Just a few days ago, the FBI and the Department of Homeland Security released a report detailing their assessment that Russian hackers were behind a series of attacks on US agencies and citizens. While the Obama administration issued sanctions, code linked to those hackers has been shared with other agencies, and on Friday, the Burlington Electric Department found malware with a matching signature on one of its laptops. The discovery raises more questions than it answers, but with recent reports of Russian hackers attacking the power grid in Ukraine, it obviously has raised alerts all over.
The Washington Post first reported the finding, suggesting that Russian hackers had gained access to the electrical grid via the Vermont utility, however the company’s statement says there’s no indication that happened. In a statement, it said the laptop in question was not connected to grid systems. Vermont Public Service Commissioner Christopher Recchia told the Burlington Free Press that the grid was not in danger.
Because it’s not clear exactly what matched, there’s a possibility that it could be the result of a false positive, or shared code. Also, it’s not clear when or how the malware got on the laptop. Based on those reasons, a number of security professionals on Twitter suggested waiting for more details before crediting this finding to Grizzly Steppe (a name attributed to the Russian attacks in Wednesday’s report).
So far, no other utilities or agencies have reported anything similar, but we will update this post if more information comes to light.
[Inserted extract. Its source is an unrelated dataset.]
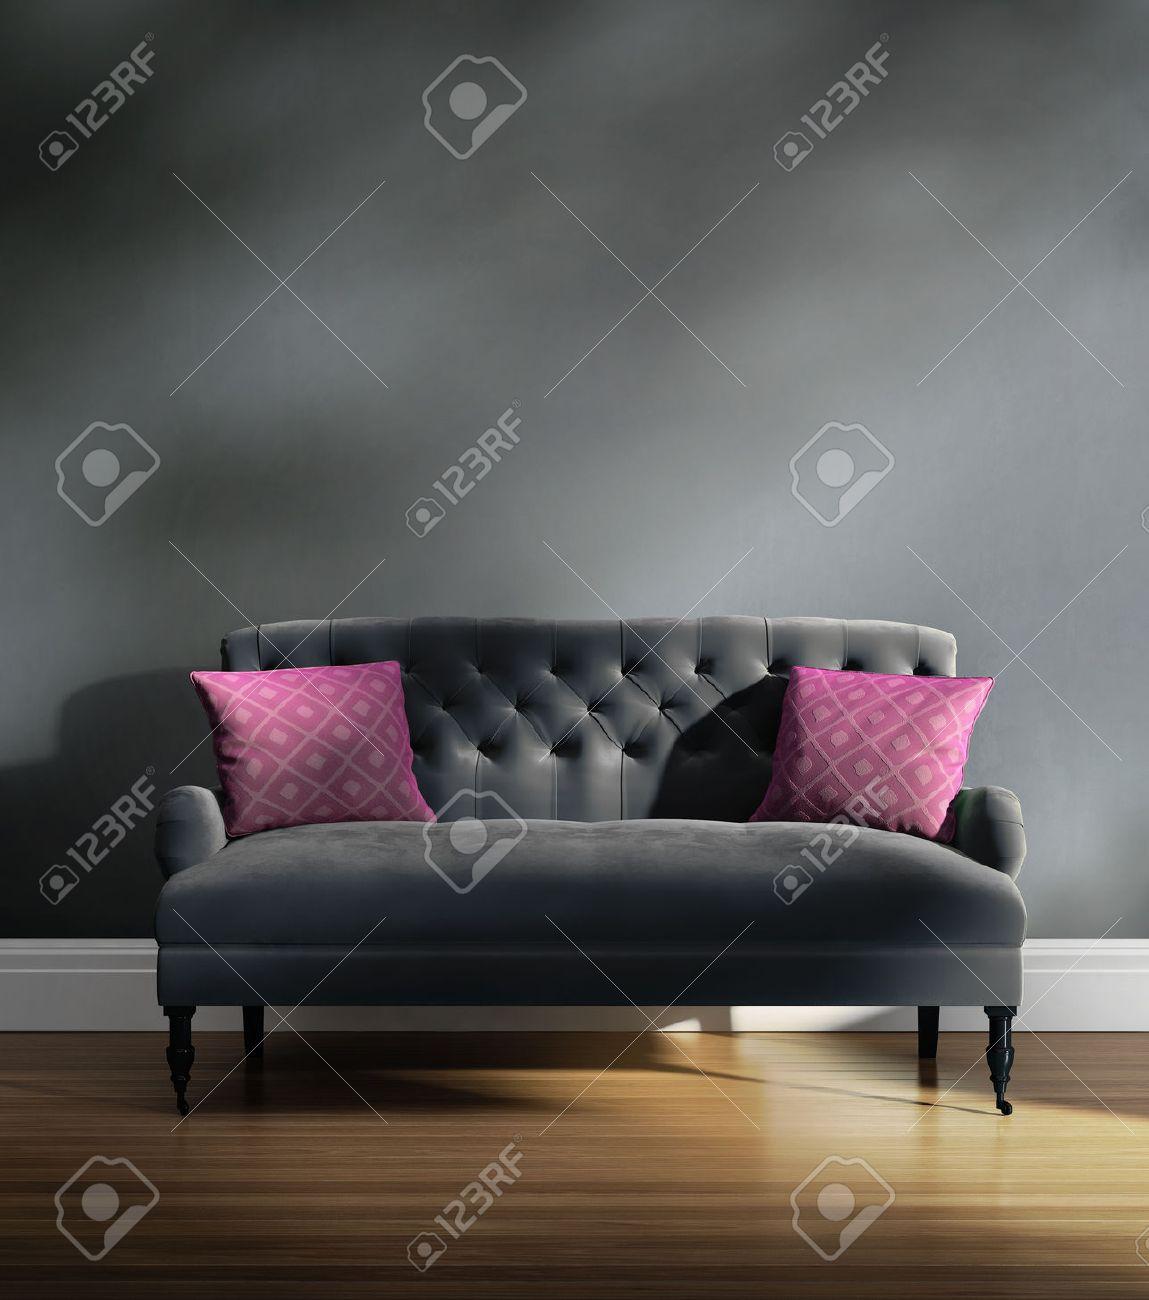 Contemporary Elegant Luxury Grey Velvet Sofa With Pink Cushions ...

Update (1/3): The Burlington Electric Department issued a followup statement, in which it changes the description of what has been identified. Now it refers to the findings as “suspicious internet traffic,” and says that “Federal officials have indicated that this specific type of Internet traffic also has been observed elsewhere in the country and is not unique to Burlington Electric.”
The Washington Post has a new article as well, admitting that its initial assertion about the grid being penetrated was inaccurate. According to the paper’s sources, government investigators found evidence of a “Neutrino” software package used to deliver malware on the laptop, which does not appear to be connected to Grizzly Steppe.